4. A demand function is p = 400 - 2q, where q is the quantity of good sold for price \$p. Which of the following is an expression for the total revenue, R, in terms of q?

I just too R = p*q and substituted the function for p to get R = (400-2q)*q Right?

Alright, I'm not sure I completely understand the specifics behind the setup of this question, but through a little knowledge of standard Calc problems, this is what I gather they're looking for:

The demand function P(q) represents the price of each item as the total quantity sold changes (since it tells you they're sold at a price \$P). It's a demand function, so as more and more units are sold, demand goes down, and people will pay less for them.

i.e.

P(0) = 400, or, before any others had been sold, the first unit had a price of \$400.
P(100) = 200, or, after q=100 units were sold, the price of a unit was \$200.
P(200) = 0, or, after q=400 units were sold, the price of a unit was \$0.

So to find the total revenue, you want to add all these up (finding the area under the curve), and we can do this with our friend integration:
Spoiler:

It sounds like you were given choices for this problem...is that one of them? I'm still not sure I understood the setup entirely correctly.
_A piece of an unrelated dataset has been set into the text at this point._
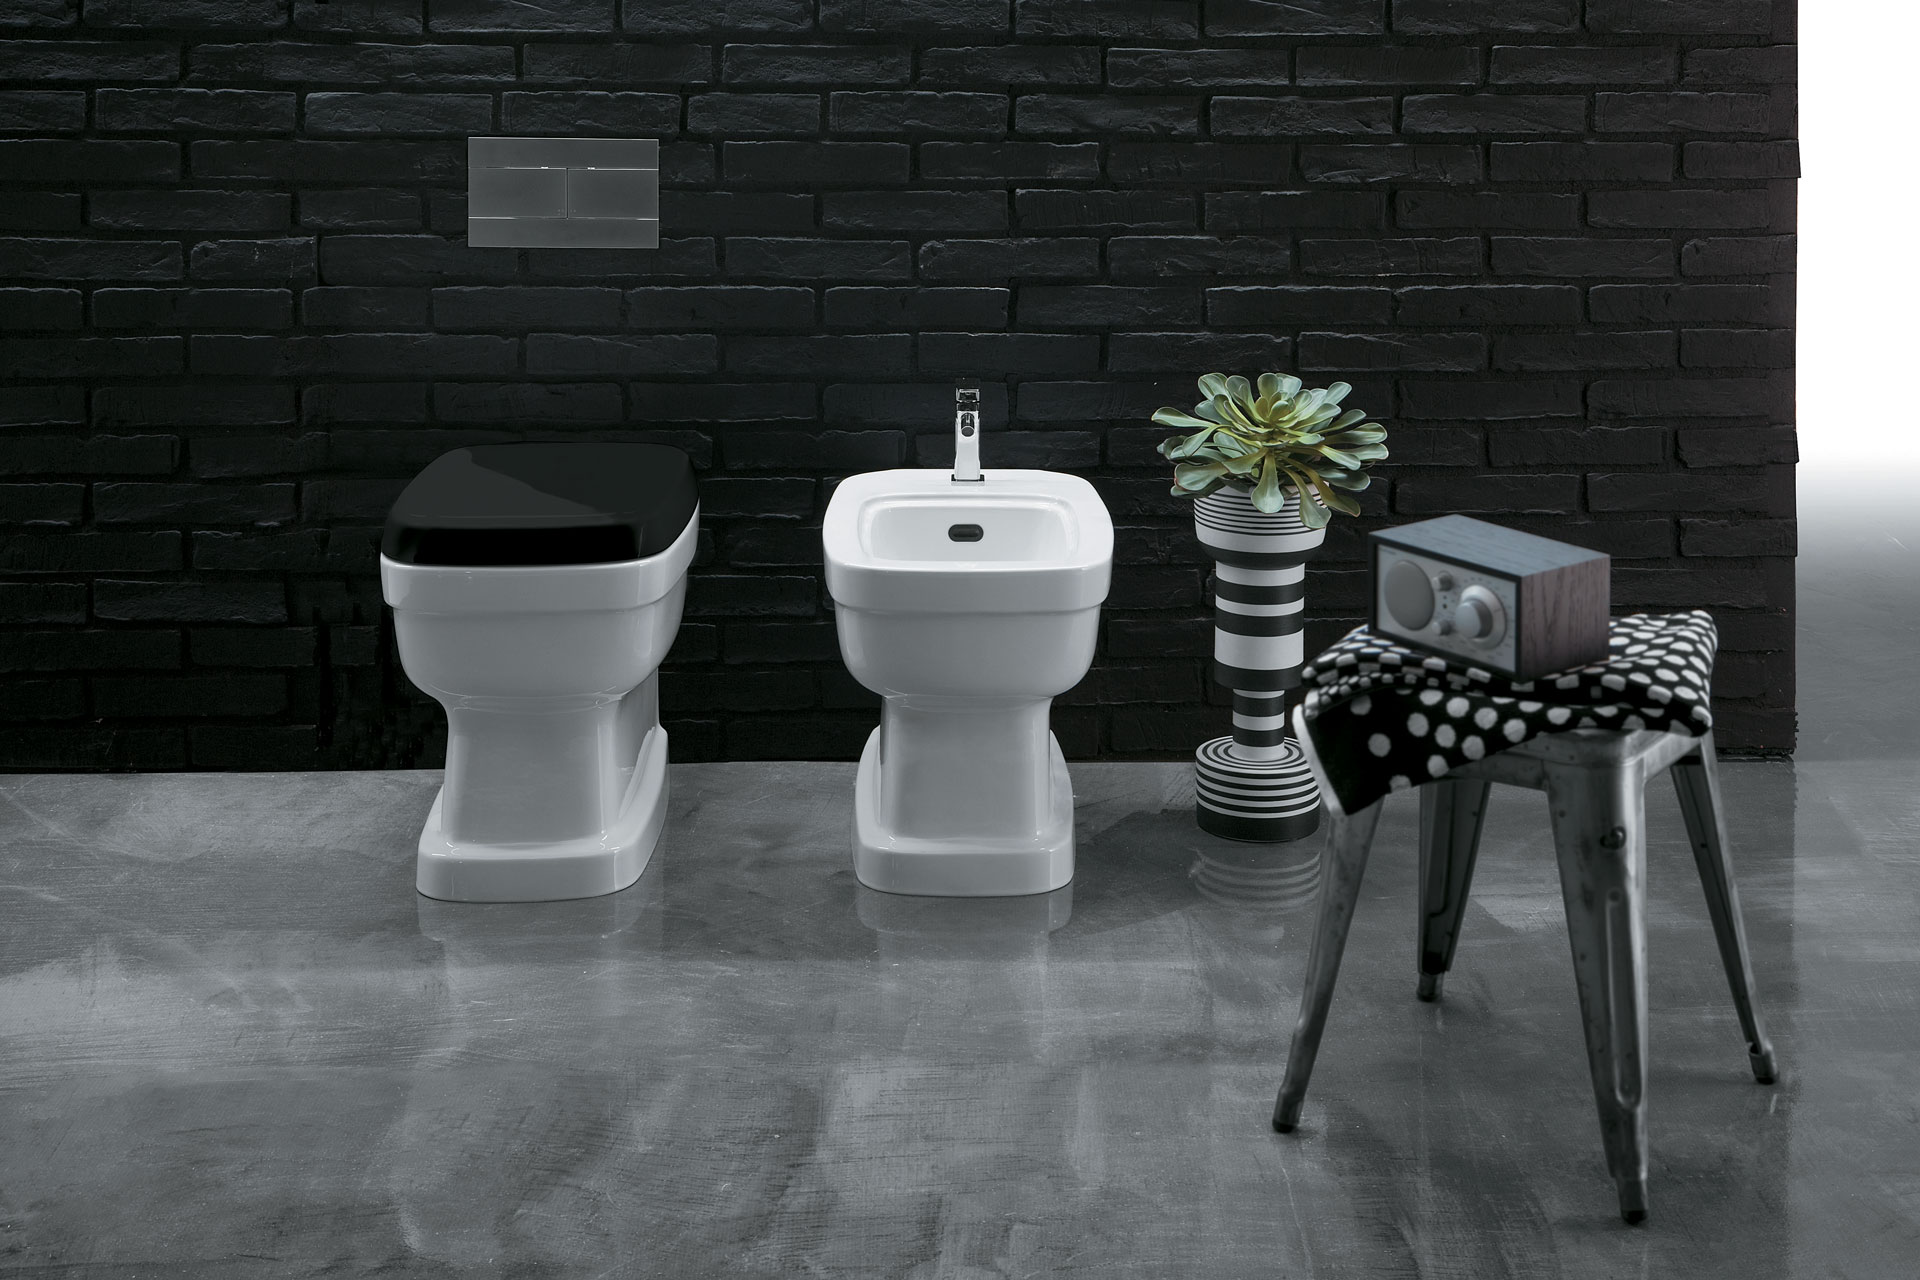 Un richiamo vintage in chiave moderna con simas evolution - Rubinetti sanitari bagno ...

This is what I was thinking as well when I read the question. Key to understanding the problem that f(q) is not the amount you make selling q goods, f(q) is the price people are willing to pay if you have already sold q goods (q is basically a simple way of indicating how scarce the good is). This is why algabraic substitution isn't going to work and instead you need to take the integral of the function.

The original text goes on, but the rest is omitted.